Dec 1, 2009 (DVB), Renowned American economist, Joseph Stiglitz, who was awarded the Nobel Prize for economics in 2001, is due to visit Burma in December to advise the military government on poverty reduction.

Stiglitz will arrive in Burma on 15 December where his is due to attend a "development forum" with the senior-level government minister for agriculture and rural development, Major General Htay Oo, and national development minister, Soe Tha.

Bentley Jenson, from the UN Economic and Social Commission for Asia and the Pacific (UNESCAP), confirmed the that, along with local UN staff, Stiglitz will be "taking a development partnership seminar called the Economic Policies for Growth and Poverty Reduction: Lessons Learned from the Region and Beyond".

As well as presiding over the forum, he is planning to visit impoverished rural areas and meet with other UN staff.

Stiglitz, author of 'Globalisation and its Discontents', and several other renowned analyses of the global economic system, is generally critical of completely free-market economics.

He is also famous for conducting a financial appraisal of the controversial US-led invasion of Iraq in 2006, in which he estimated the cost at $US2 trillion.

During his work with the Clinton administration, he coined the 'Third Way' in economics; what effectively became a compromise between free market economics and more state-centred or 'Keynesian' models.

He has also acted as Chief Economist at the World Bank, but quit after complaining that the Bank's methods were inappropriate and ineffective for helping the world's poor.

Many will herald this visit as a positive move and a sign that the military junta are prepared to engage with progressive voices on the burning issue of poverty and economic mismanagement. It could also form part of the new engagement policy to Burma that is being sought by Washington.

However, for Dr Wylie Bradford, from Macquarie University's Burma Economic Watch in Australia, the trip could prove fruitless.

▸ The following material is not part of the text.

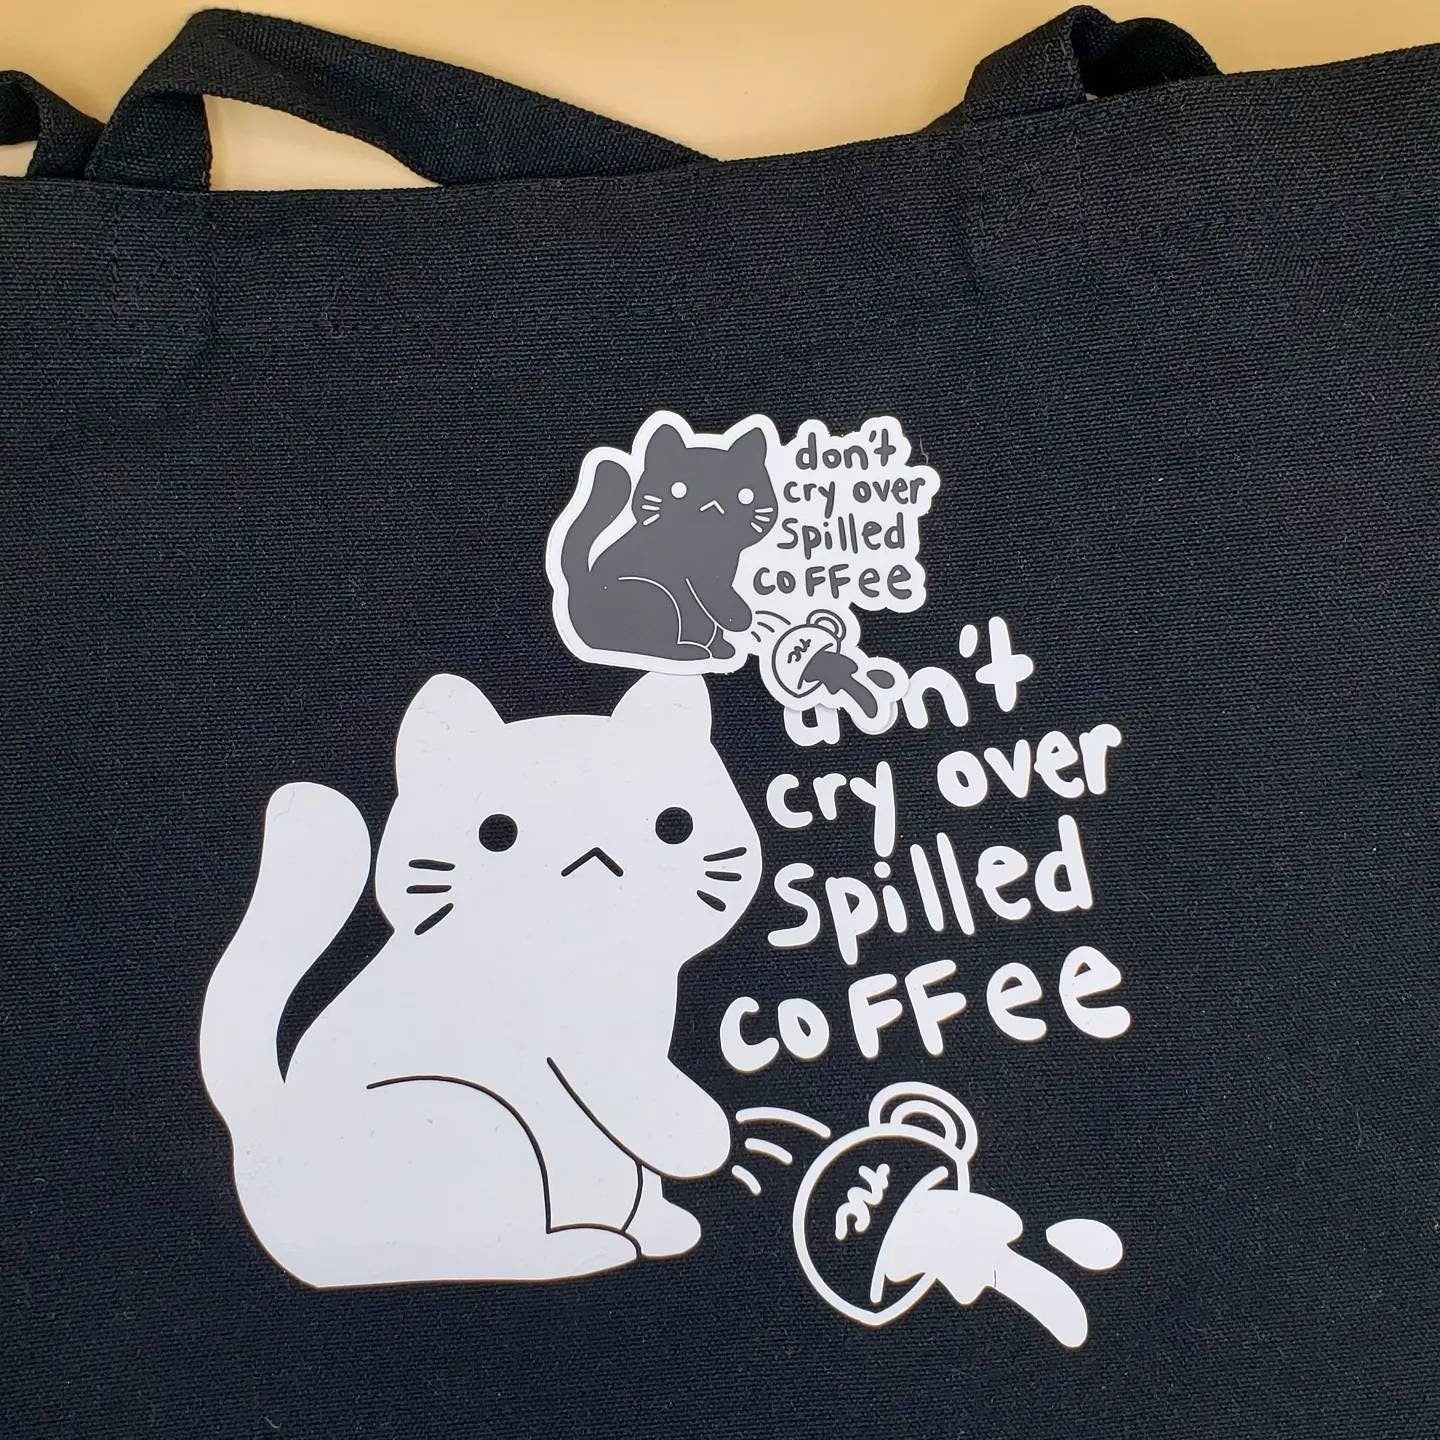 Black Cat Coffee Vinyl Stickers and Keychains | Don't Cry Over Spilled Coffee

"I am not sure what kind of advice you can give them [the military junta] because that presupposes that they have an interest in behaving rationally," he said.

"It's presupposing that somehow the aims of reducing poverty, of economic development, are the aims that [the junta] has, but they have just been getting it spectacularly wrong. In fact their aims are maintaining their power and maintaining their ability to extract wealth from the country".